**Activity**
What you return must match the data below exactly, minus any pictures.

**The data**
»»

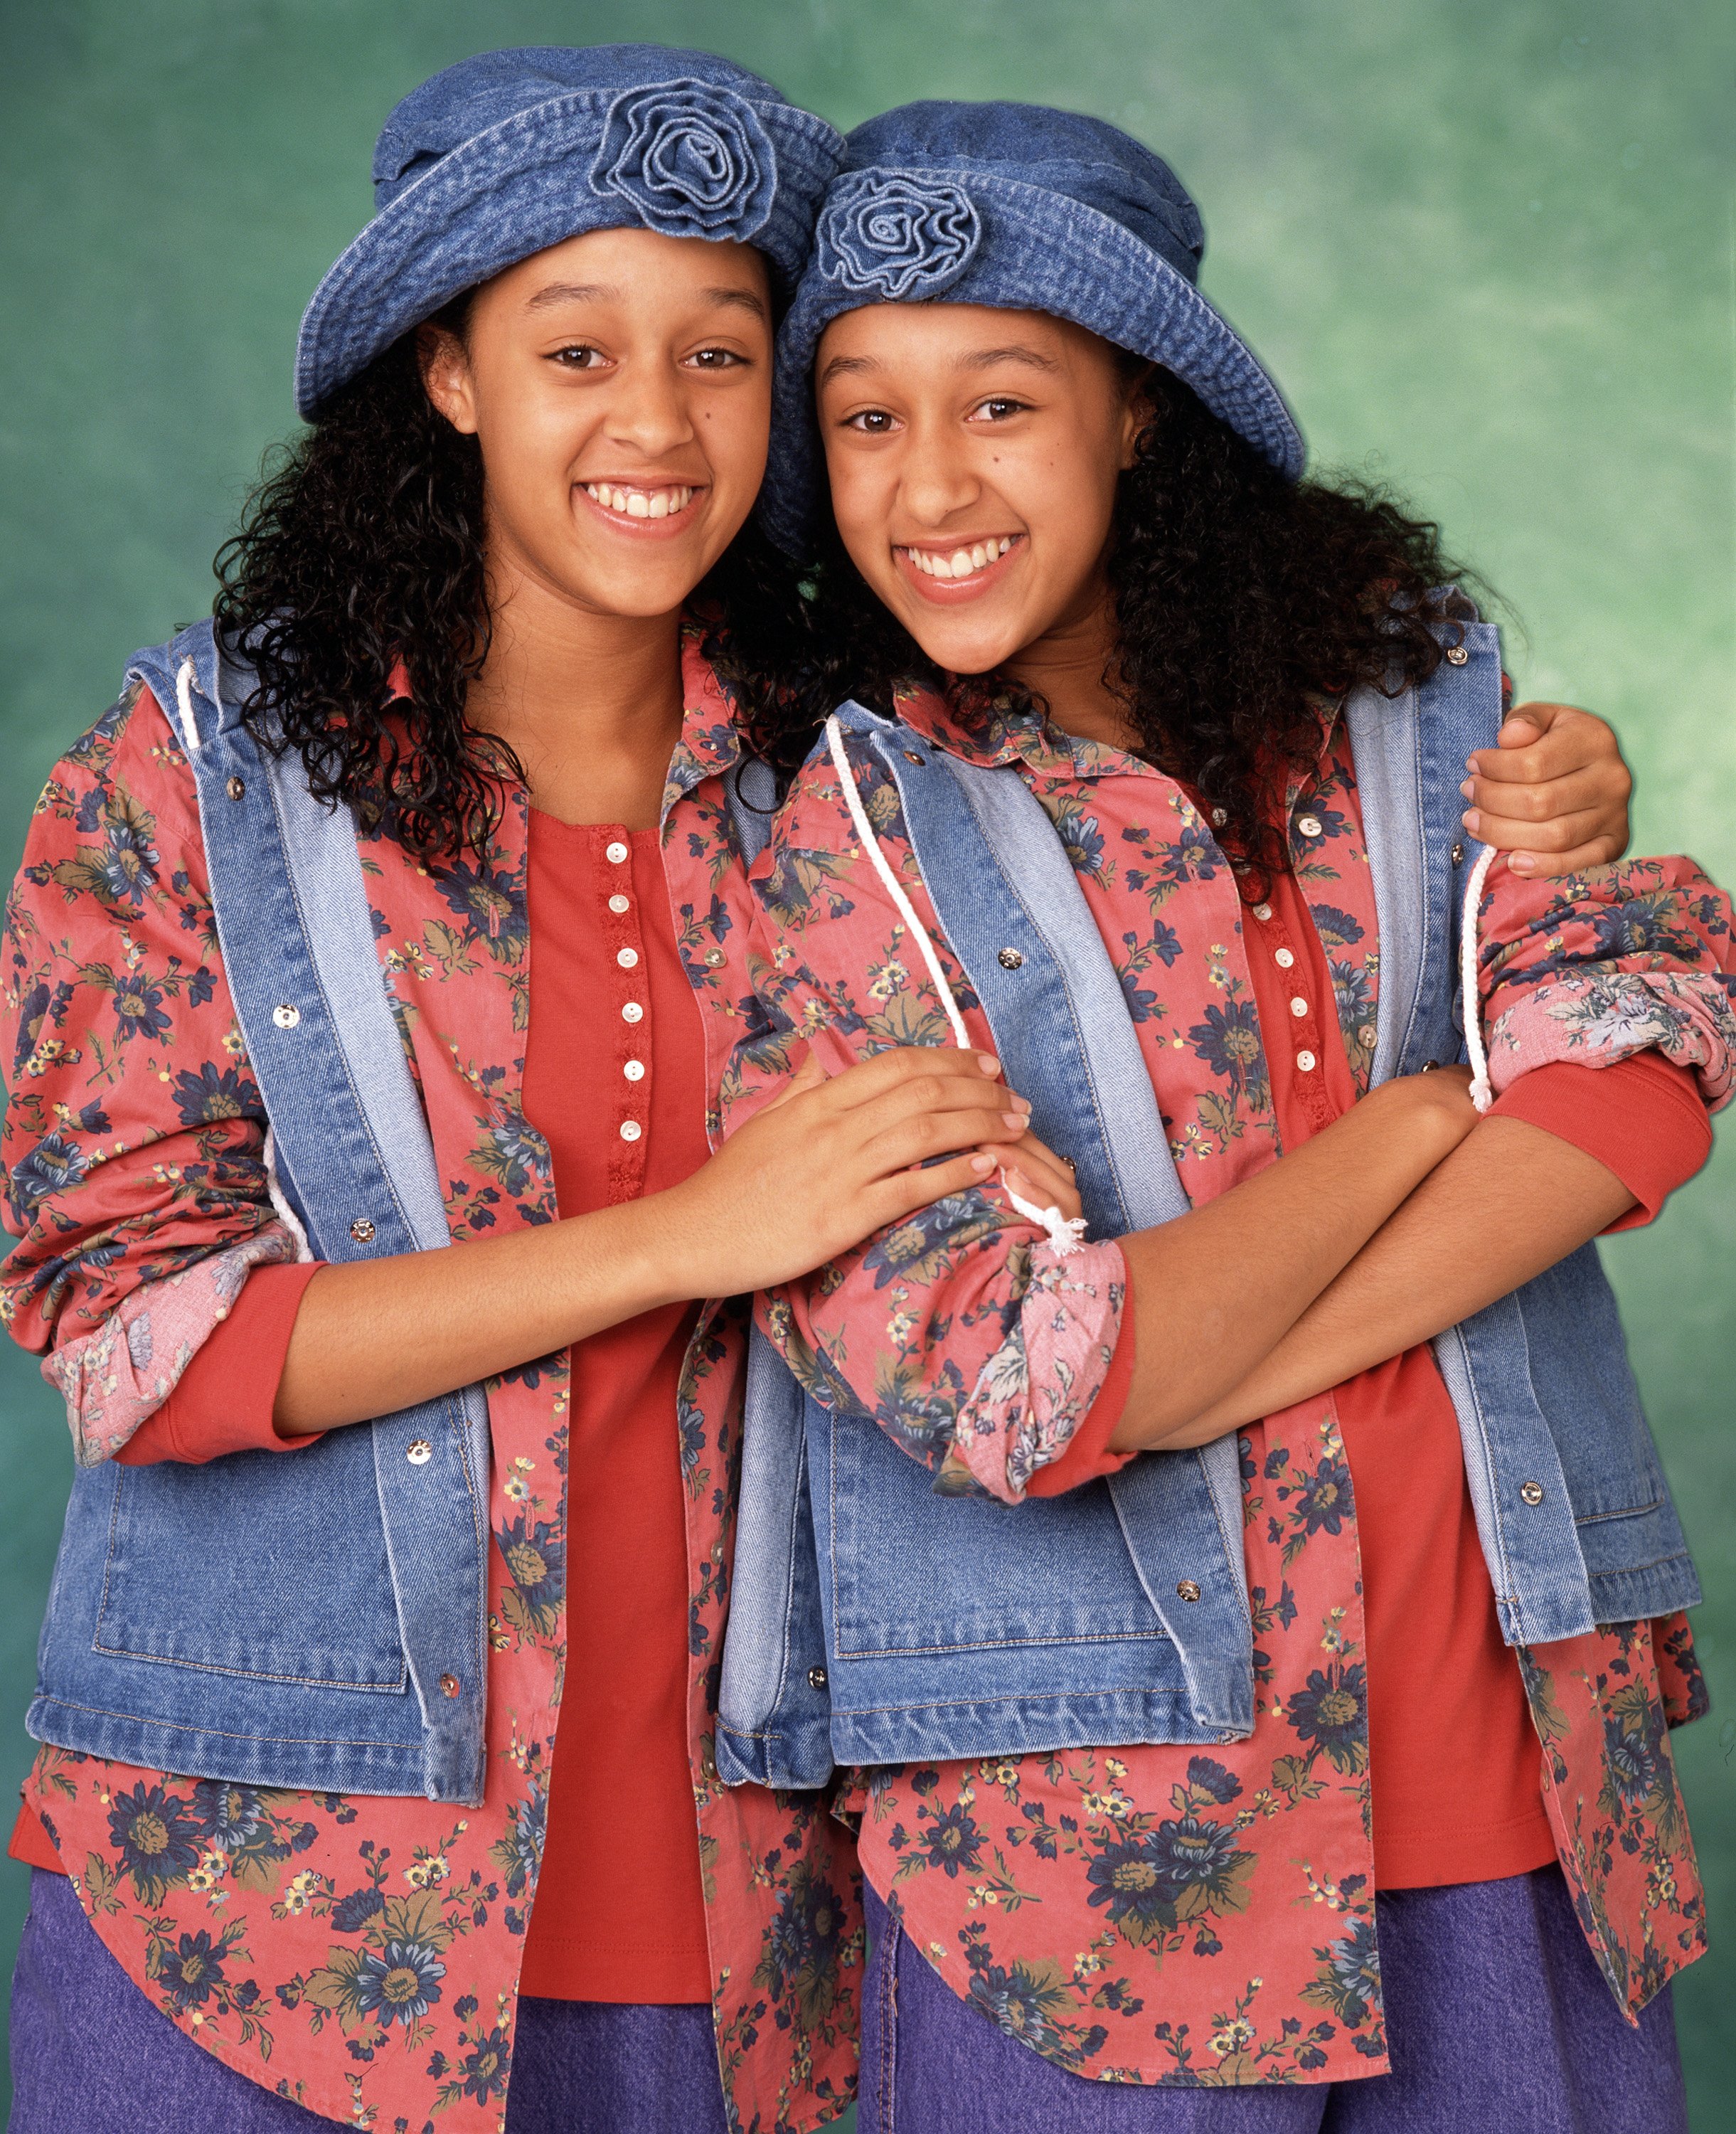 Tia Mowry and Tamera Mowry in Season one of "Sister, Sister" | Source: Getty Images
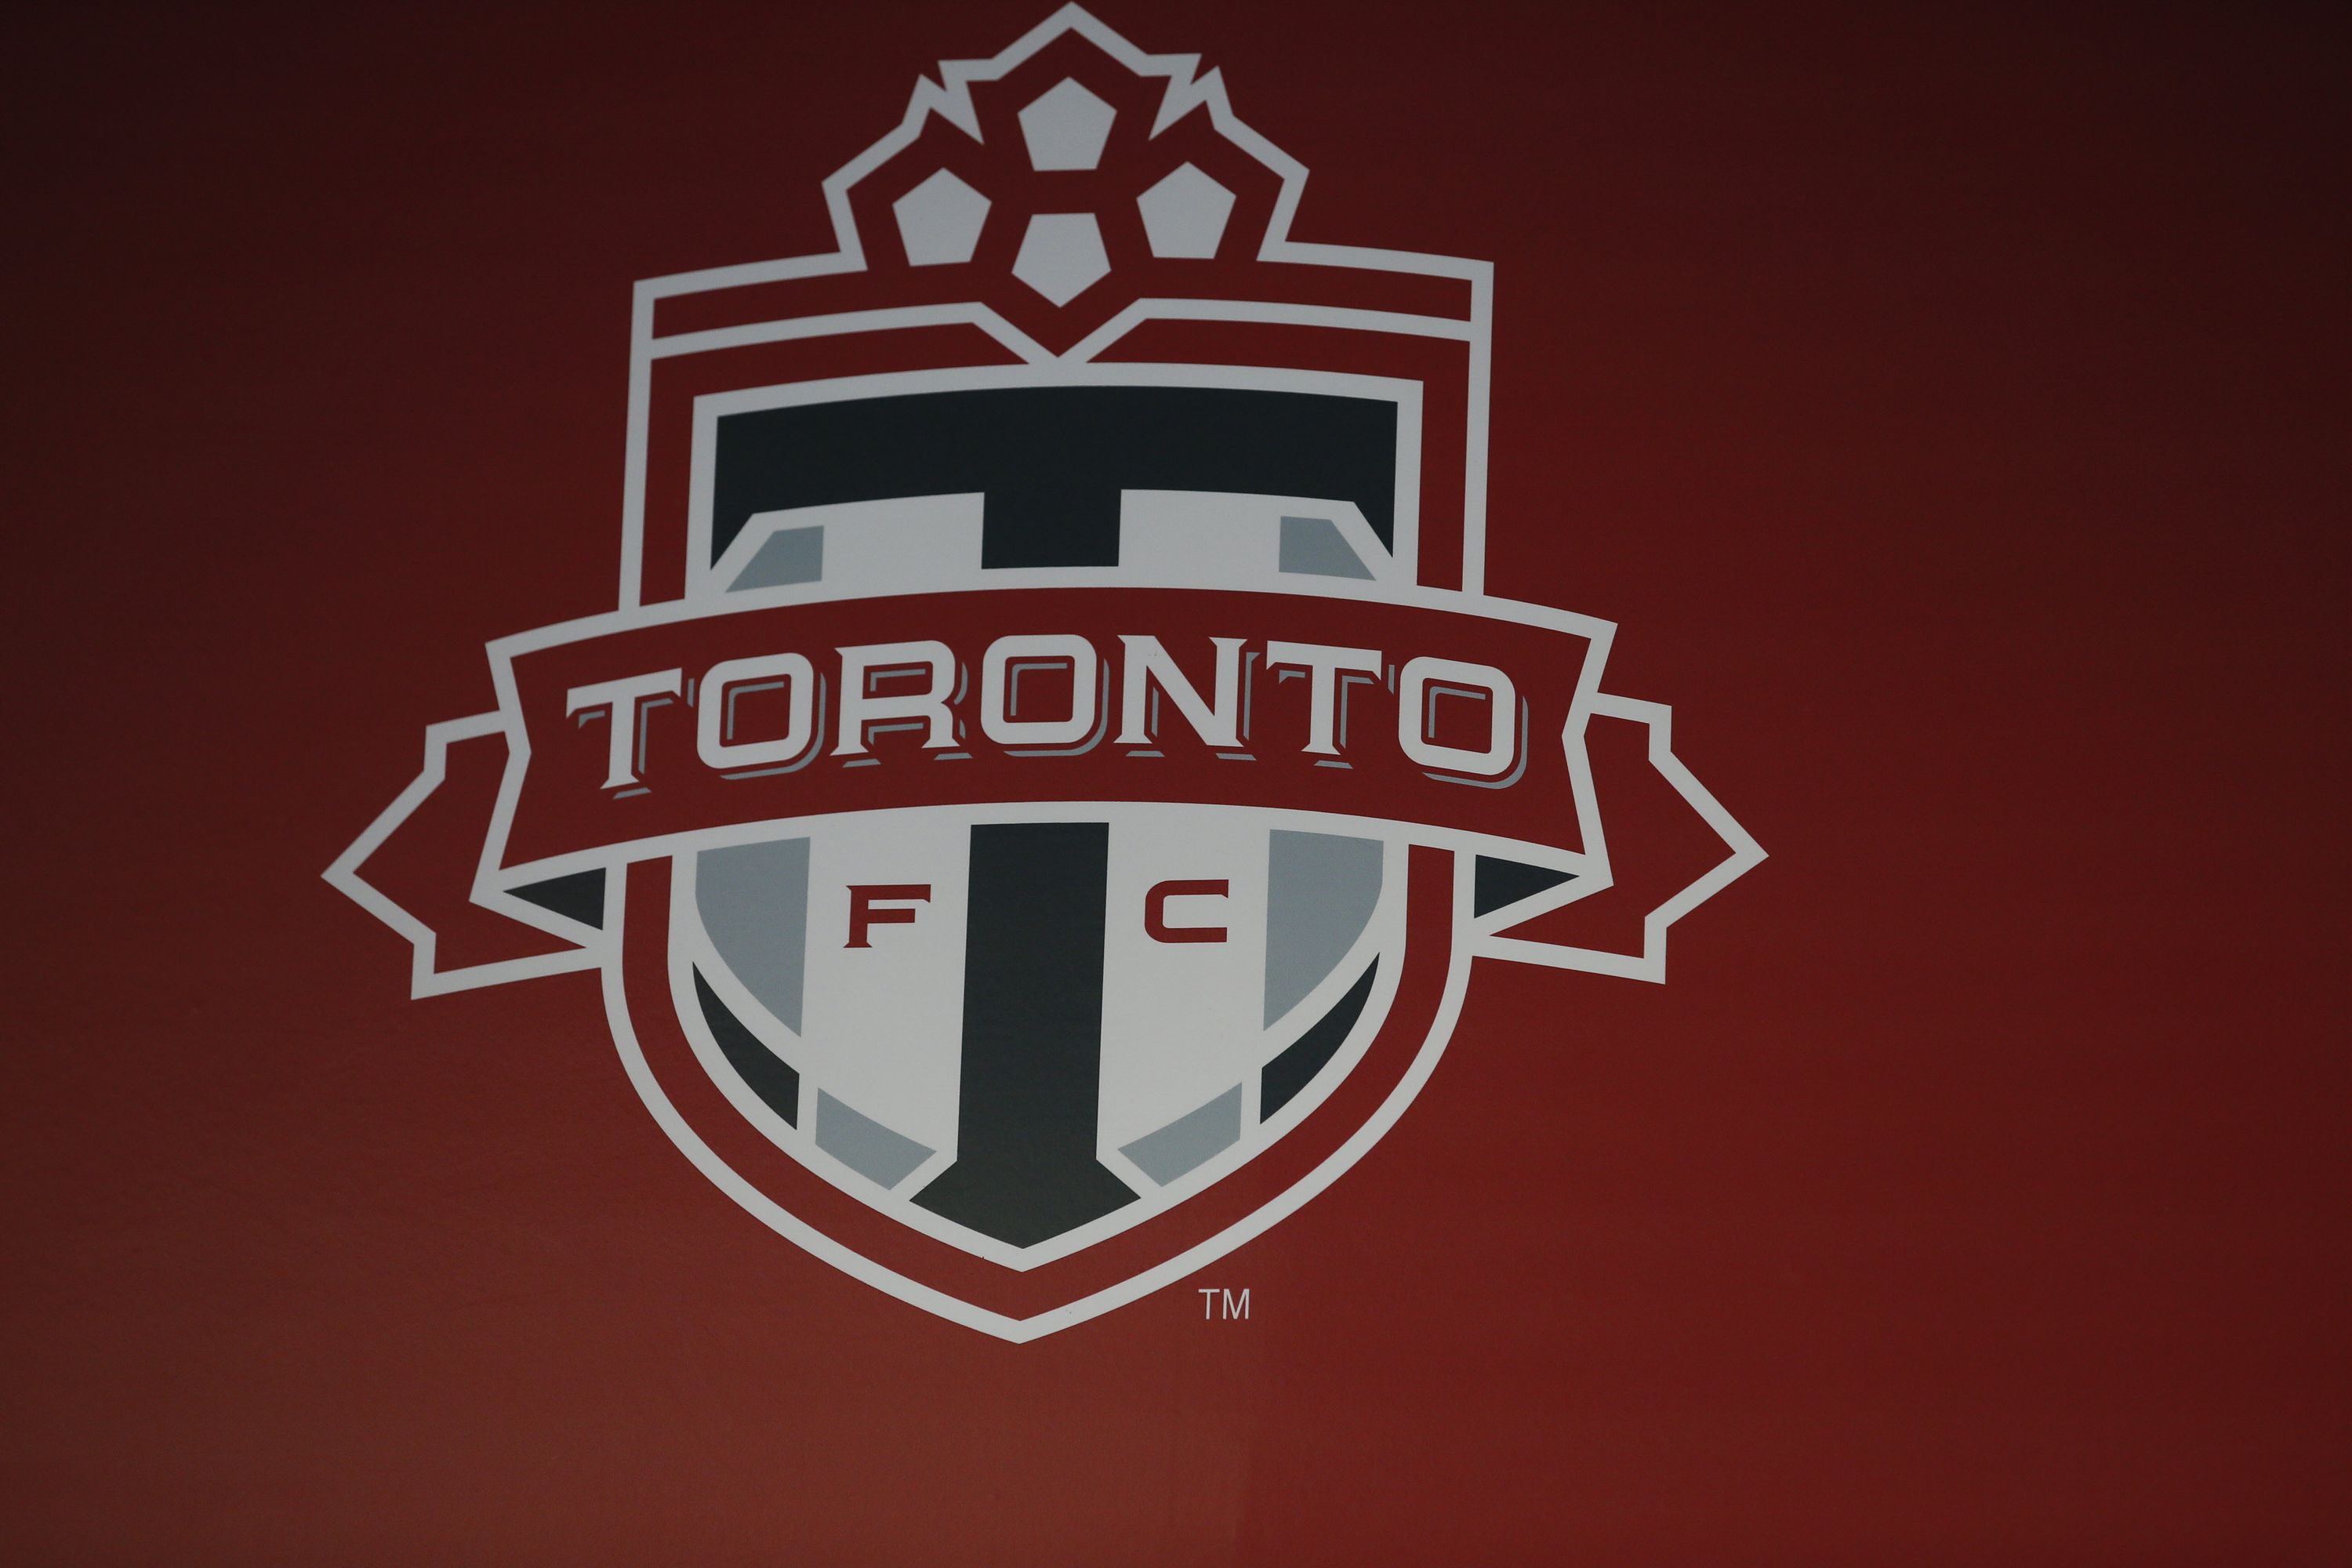 Member of TFC travel party comes down with symptoms, postponing flight to Florida again
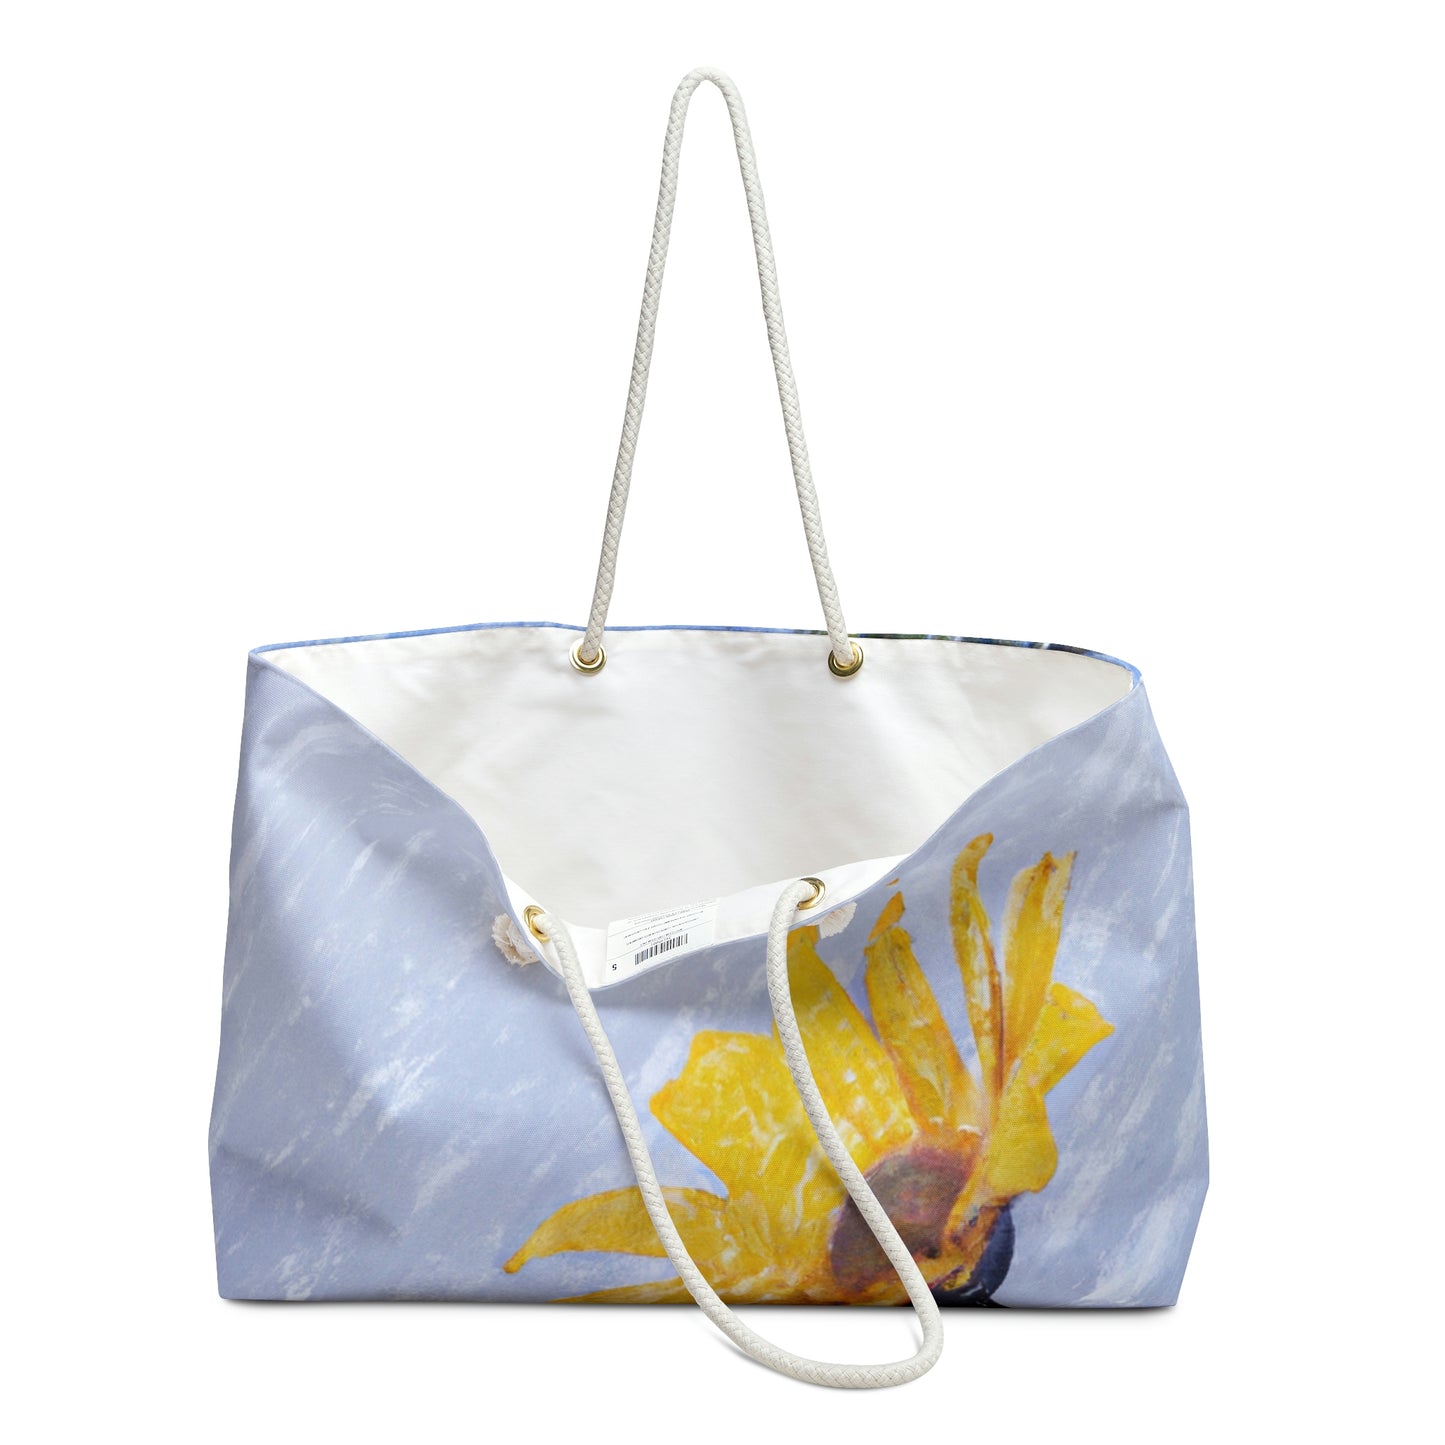 "A Burst of Color in the Glistening White: The Miracle of a Flower Blooms in a Snowstorm" - The Alien Weekender Bag

««

**Your solution**
 Tia Mowry and Tamera Mowry in Season one of "Sister, Sister" | Source: Getty Images
 Member of TFC travel party comes down with symptoms, postponing flight to Florida again
 "A Burst of Color in the Glistening White: The Miracle of a Flower Blooms in a Snowstorm" - The Alien Weekender Bag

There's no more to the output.